In der Küche brodelt meine sündhaft teure Kaffeemaschine, ein Gerät, das alles Mögliche kann. Sie ist so programmiert, dass sie sich selbst einschaltet, reinigt und mit Wasser versorgt. Weil ich es hasse, mich darum kümmern zu müssen. Ich erinnere mich nur ungern daran, dass es Zeiten gab, in denen ich sogar die Kaffeebohnen selbst mahlen musste. Schrecklich.
Hätte ich mir jemals träumen lassen, dass ich einmal so etwas wie einen Mittagsschlaf brauchen würde? Aber auch heute erwartet mich wieder eine lange Nacht, auch wenn sie dieses Mal nicht in einer Schlägerei mit Neonröhren, Tackern und anderen Hilfsmitteln enden wird. Ich habe auch noch andere Jobs, die gutes Geld bringen. Diese Webcam-Fights bringen dagegen
sehr gutes
Geld und eben die Portion Lebendigkeit in mein Leben, die mir sonst nichts anderes verschaffen kann. Nicht einmal die stärkste Droge der Welt.

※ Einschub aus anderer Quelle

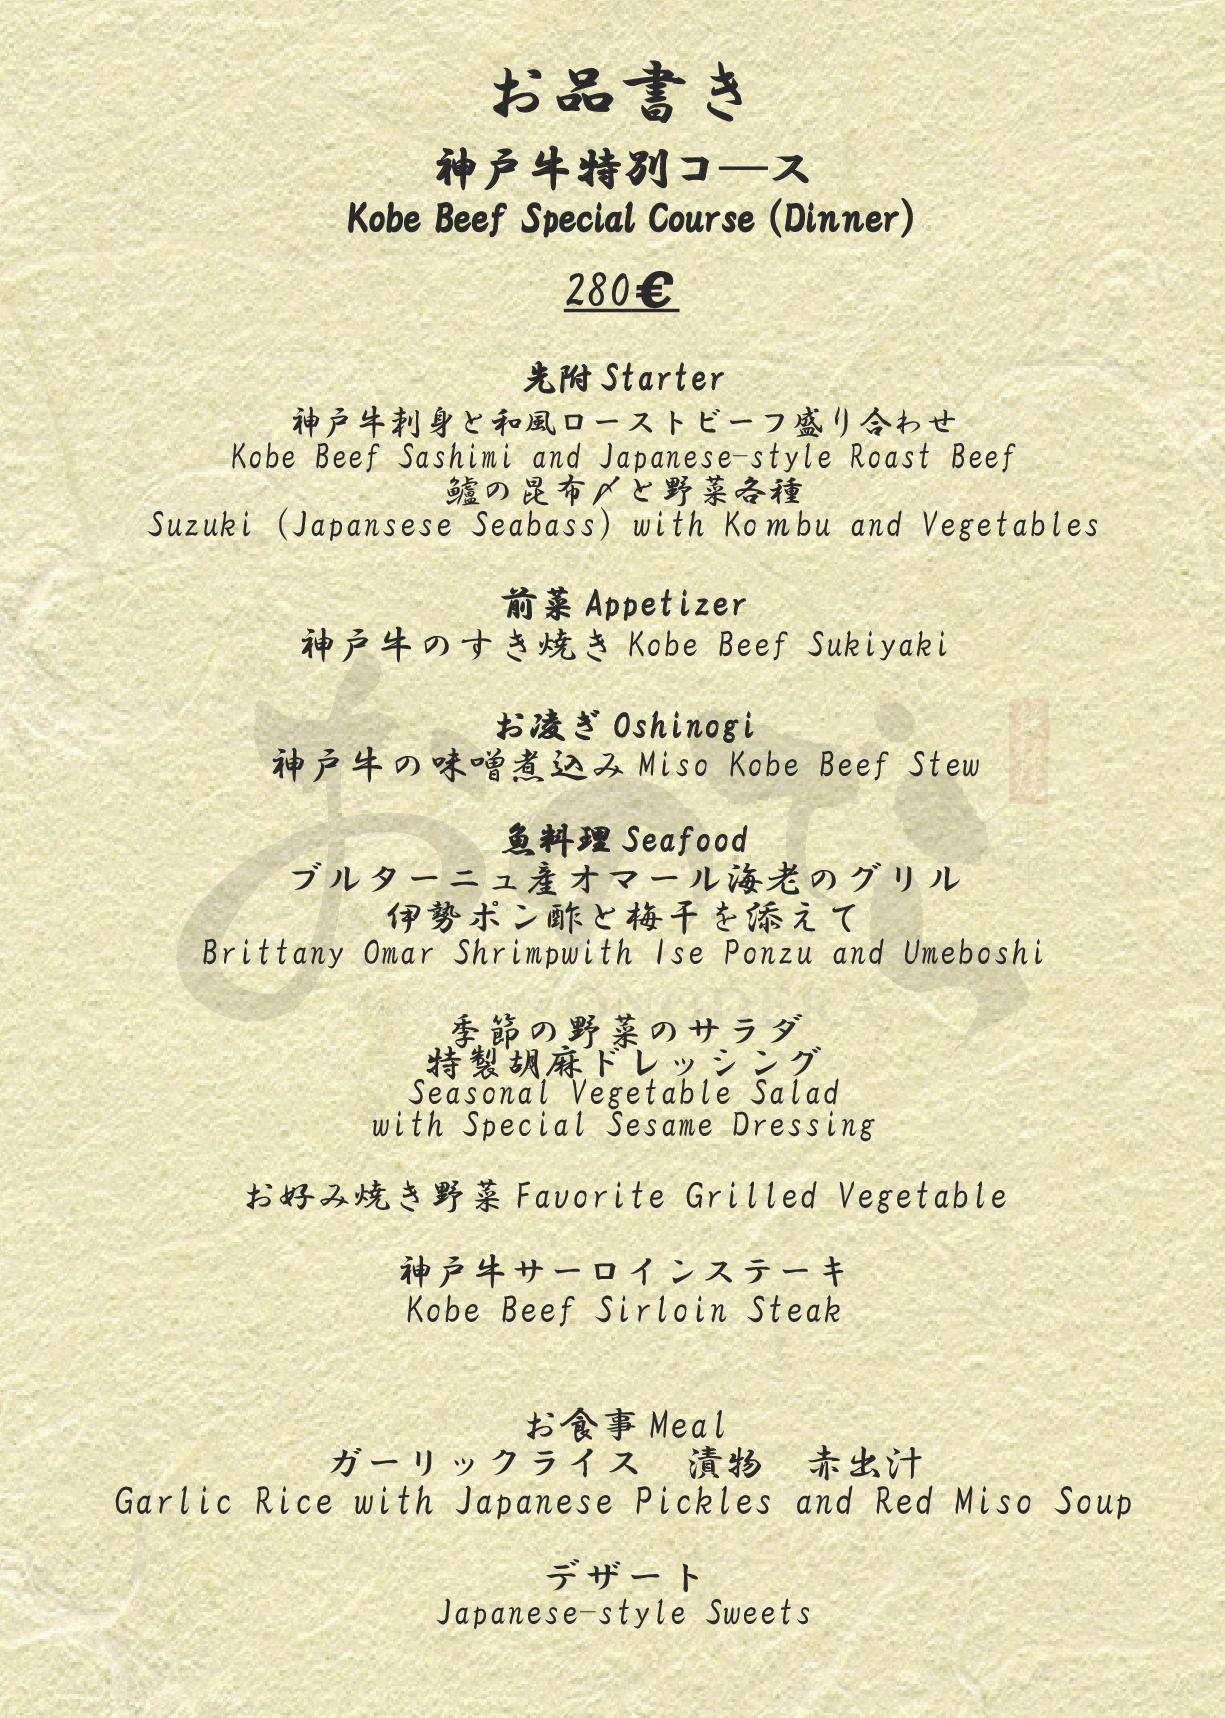 鉄板焼 [パリ店] ディナーメニュー1

Trotzdem wäre es nicht die schlechteste Idee, selbst einen
Fight Club
ins Leben zu rufen, damit ich der Freakshow und den Webcams entkommen kann.
Ich werfe mir zusätzlich einen Morgenmantel über, nehme meinen Kaffee und schalte den Fernseher ein; im Vorbeigehen drücke ich auf die Wiedergabe-Taste des Anrufbeantworters.

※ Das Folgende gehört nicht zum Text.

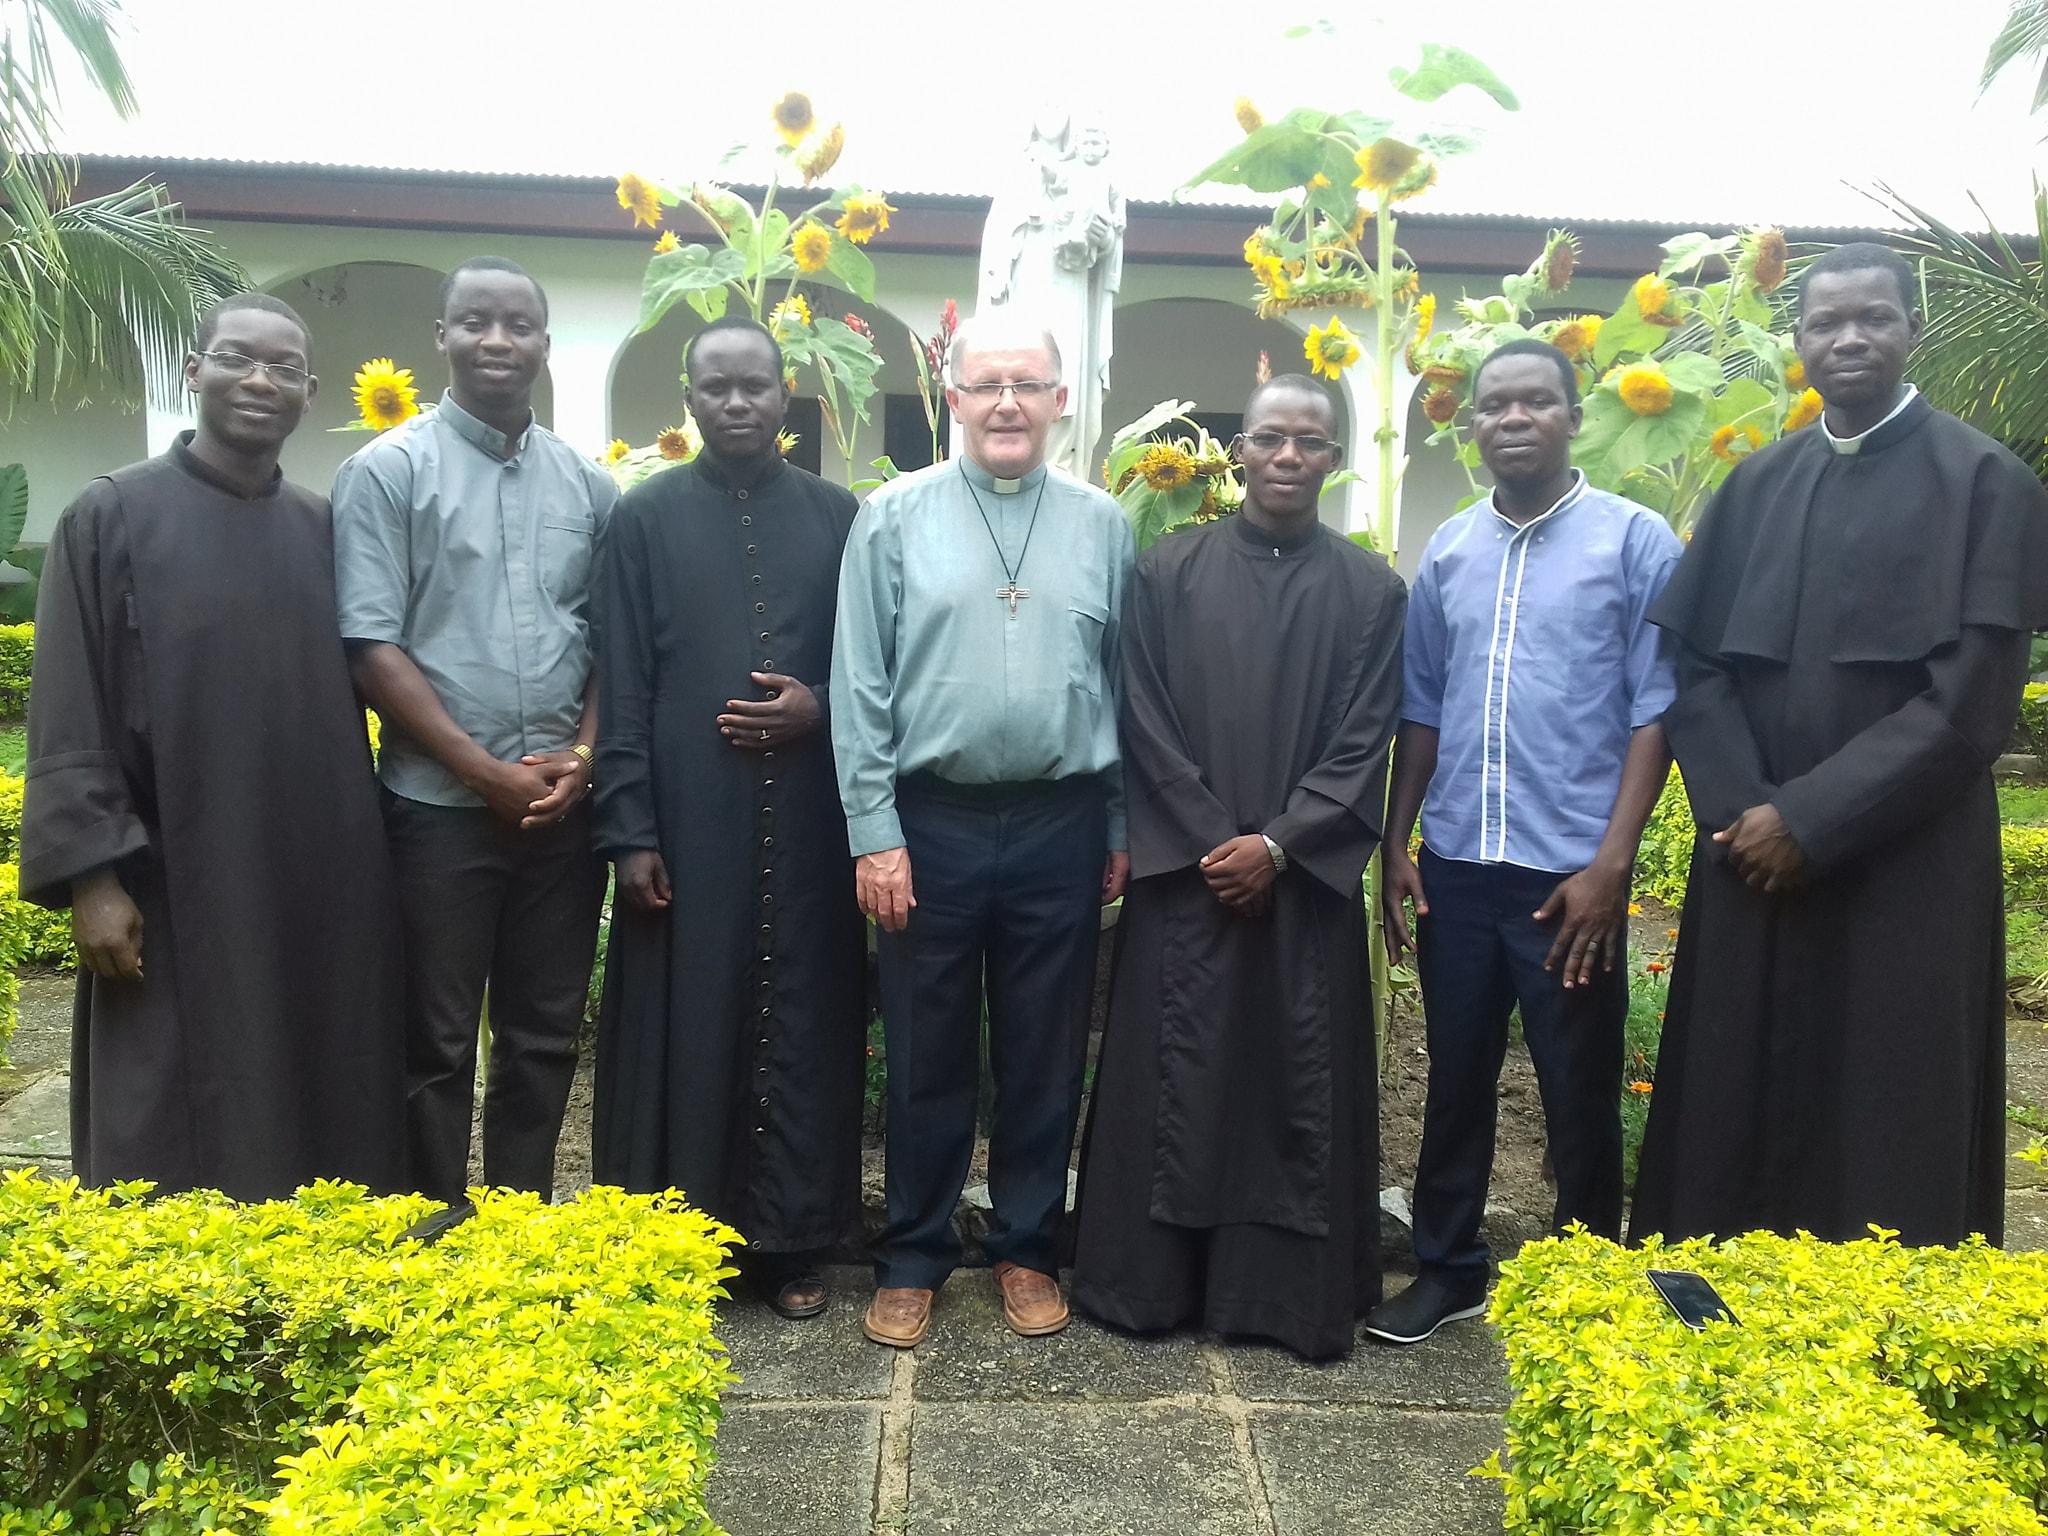 Pochodzący z Pisarzowej ks. Mirosław Gucwa biskupem w Republice Środkowoafrykańskiej - zdjęcie główne

Tanja hat sich bis zur nächsten Löschung auf meinem Band verewigt. »Hallo, Hel. Wir haben in einer Woche einen neuen Kampf, dieses Mal gegen … Miss Thunderpussy.« Sie muss lachen, und auch ich grinse. Warum können sich die Kämpfer nicht Namen aussuchen, die nicht nach einer schlechten Karikatur klingen? »Monsoon liegt im Krankenhaus. Er hat diverse Brüche und innere Verletzungen, aber er wird wieder. Müller ist sehr zufrieden mit dem letzten Kampf, soll ich dir ausrichten. Er hat uns eine Prämie in Höhe von zehntausend überwiesen. Star TV bringt den Bericht nächste Woche. Nimmst du es auf?« Sie macht eine kleine Pause, als erwartete sie eine Antwort von der Maschine. »Alles andere schicke ich dir wie üblich als verschlüsselte E-Mail. Schöne Woche bis dahin – und trainier fleißig. Ciao.«
Wie immer verziehe ich das Gesicht, wenn ich das italienische Wort höre.
Ciao
schickt sich in meinen Ohren für einen Italiener, der die richtige Aussprache beherrscht und aus dessenMund es authentisch klingt. Bei den meisten Deutschen dagegen hat es etwas furchtbar Gekünsteltes, etwas verzweifelt Cooles, ein bisschen Möchtegern-Südeuropa. Leider auch bei Tanja.
Ansonsten hat man mir meine Ruhe gelassen, keine weiteren Mitteilungen. Die Fernsehnachrichten von heute sind belanglos, ich wechsle in den Regionalkanal und bin auch von diesen Neuigkeiten beruhigt. Es gibt nichts, was mich belasten muss.
Nach dem Kaffee und einer Scheibe Toastbrot mit etwas Butter ziehe ich mich an. Die Seide verschwindet unter der langen schwarzen Hose einer exklusiven Modemarke, deren Preise nicht unter dreihundert Euro beginnen. Zu Recht. Ich habe in meinem Leben keine besseren Hosen als diese getragen. Für meinen hellbraunen Vikunja-Pullover, der sich an mich schmiegt, kaufen sich andere Menschen ein halbes Jahr lang ihr Essen, doch ich brauche das sinnliche Gefühl auf der geschundenen Haut. Es war nicht leicht, ihn aufzutreiben, denn ein südamerikanisches Vikunja-Kamel bringt bei einer Schur gerade einmal zweihundert Gramm Wolle auf die Waage. Die Exportmenge ist streng limitiert.